The specific instruments that the Law provides for in order to counter extremism - the written warnings and notices - and the related punitive measures (liquidation and/or ban on the activities of public religious or other organisations, closure of media outlets) raise problems in the light of the freedom of association and the freedom of expression as protected by the ECHR and need to be adequately amended.

 

The Venice Commission recalls that it is of crucial importance that, in a law such as the Extremism Law, which has the capacity of imposing severe restrictions on fundamental freedoms, a consistent and proportionate approach that avoids all arbitrariness be taken.
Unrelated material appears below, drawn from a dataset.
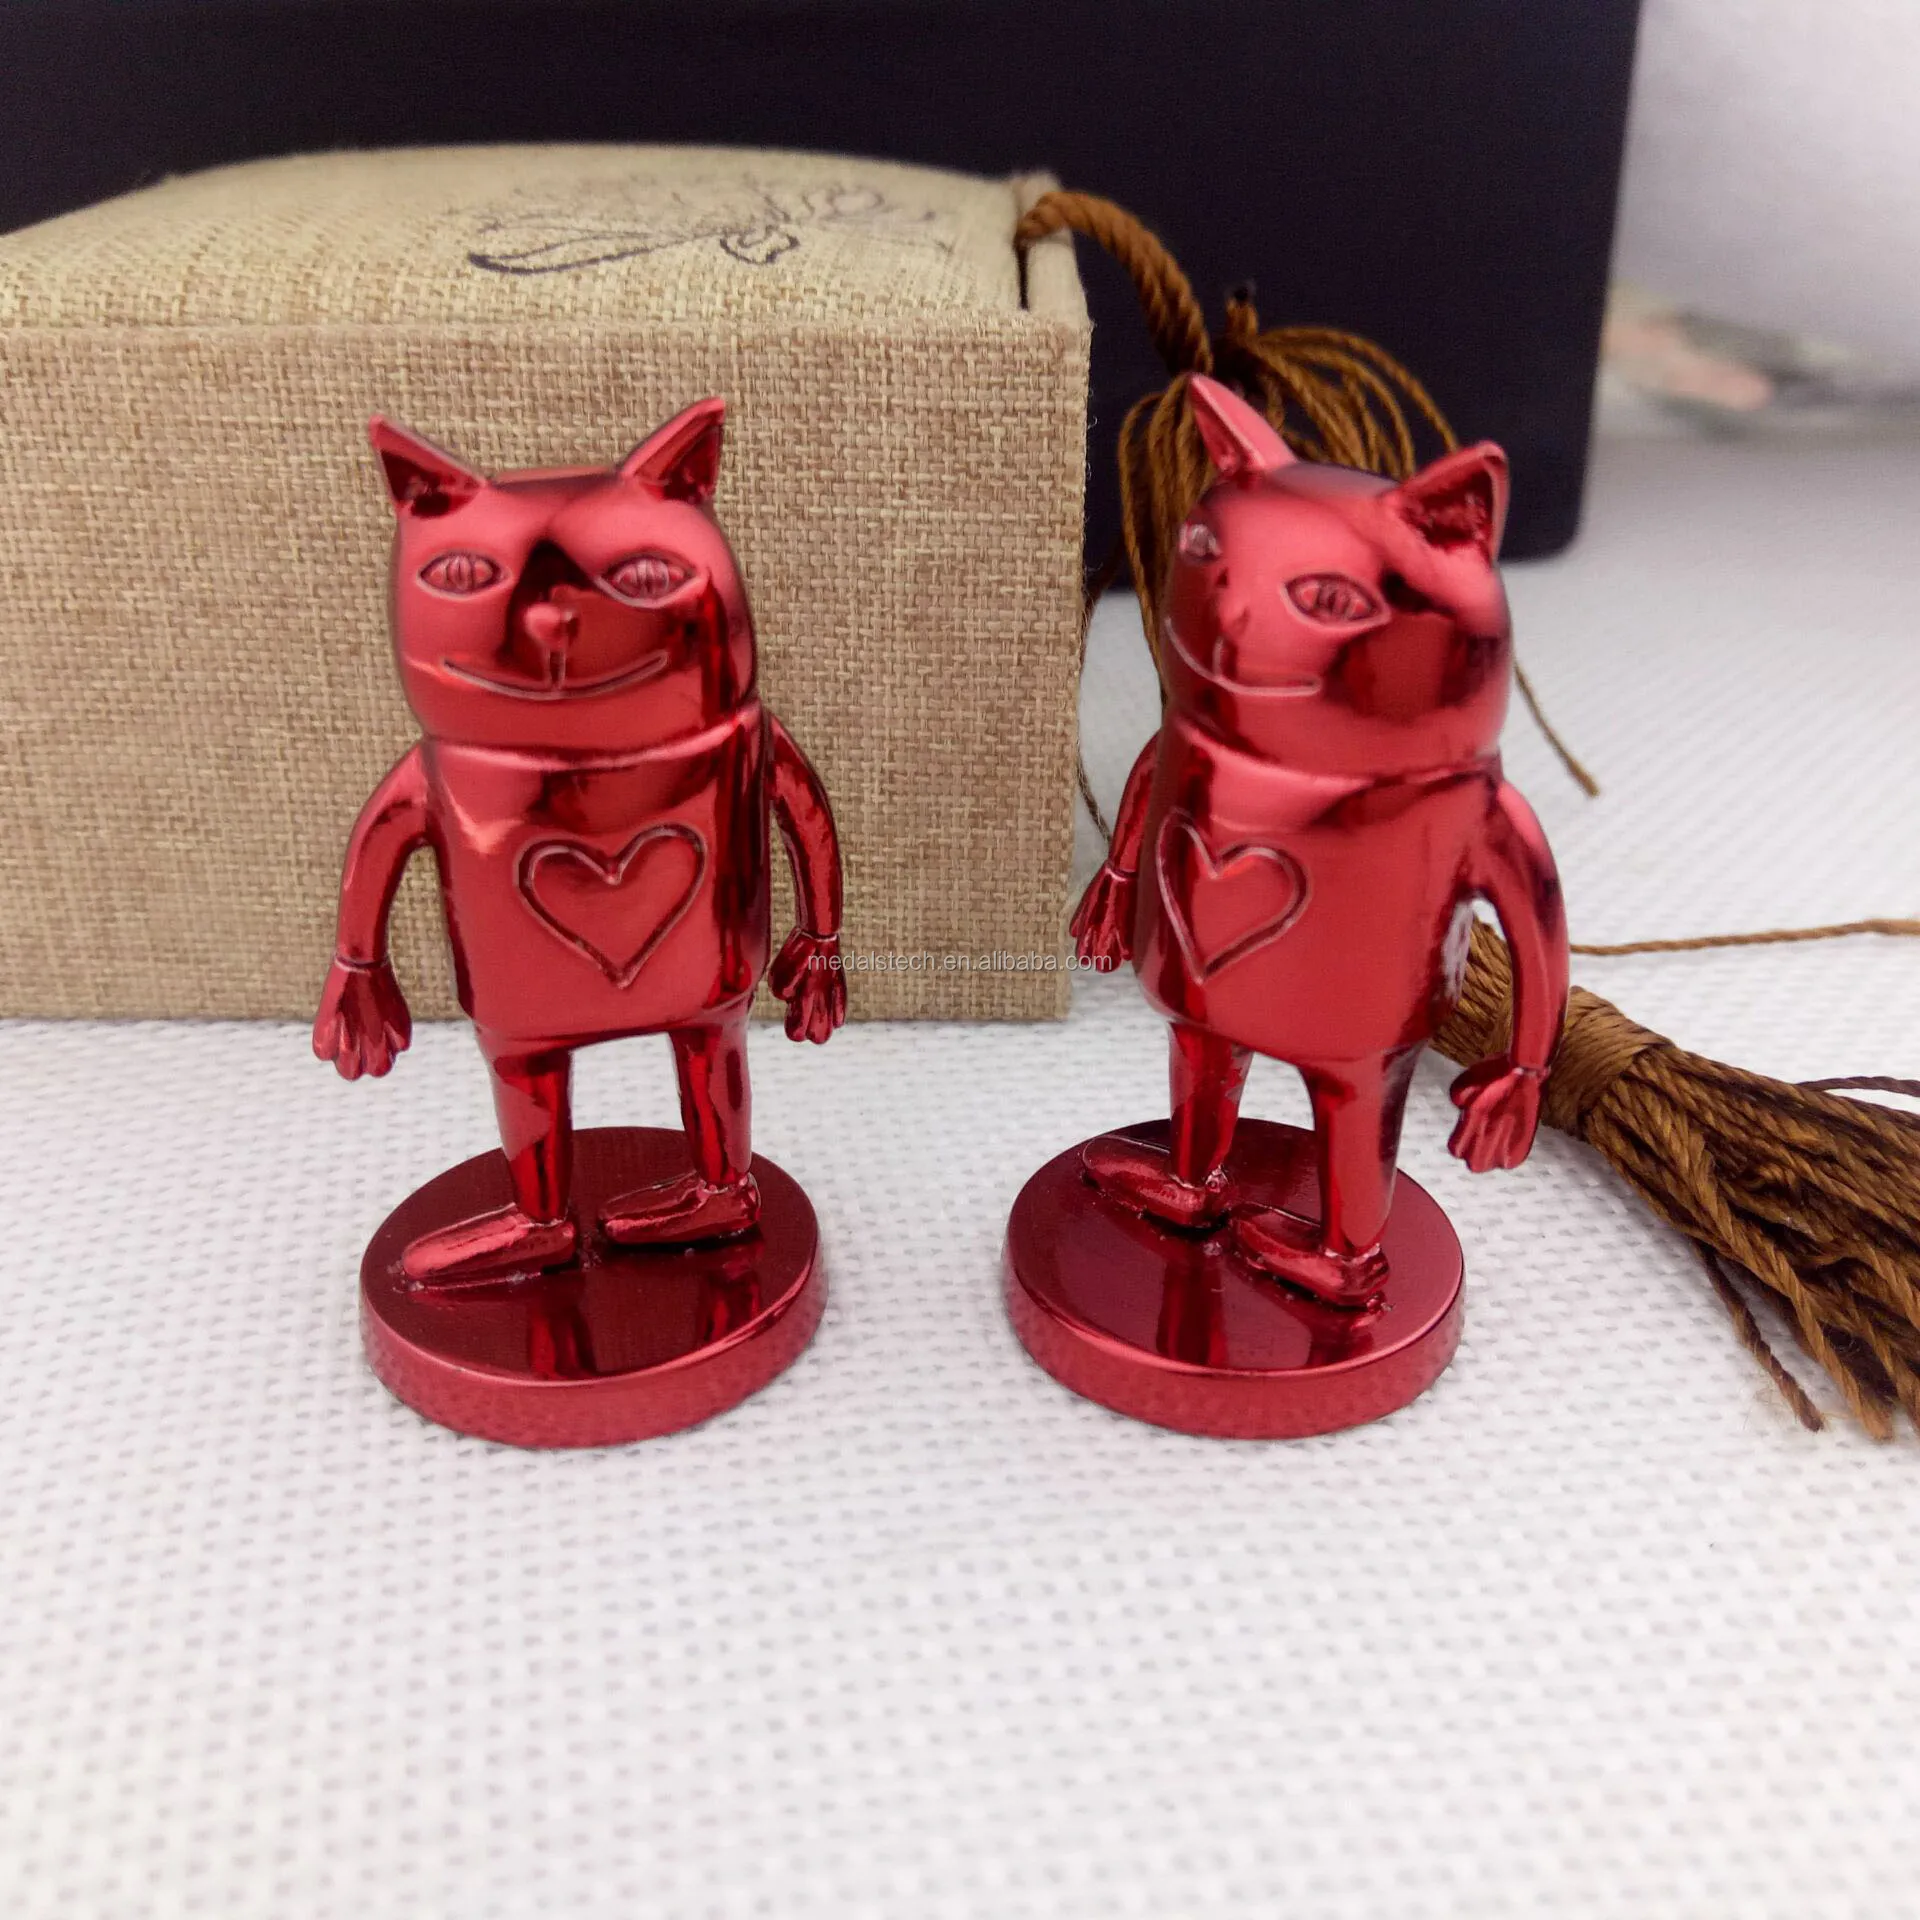 Red plating metal promotional cute action figures for games and movies

As such, the Extremism Law has the capacity of imposing disproportionate restrictions of fundamental rights and freedoms as enshrined in the European Convention on Human Rights (in particular Articles 6, 9, 10 and 11) and infringe the principles of legality, necessity and proportionality. In the light of the above comments, the Venice Commission recommends that this fundamental shortcoming be addressed in relation to each of the definitions and instruments provided by the Law in order to bring them in line with the European Convention on Human Rights.

 

The Venice Commission remains at the disposal of the Russian authorities should they require assistance.


Text of the opinion CDL-AD(2012)016

[1] “Fight against extremism: achievements, deficiencies and failures”, Parliamentary Assembly Recommendation 1933 (2010).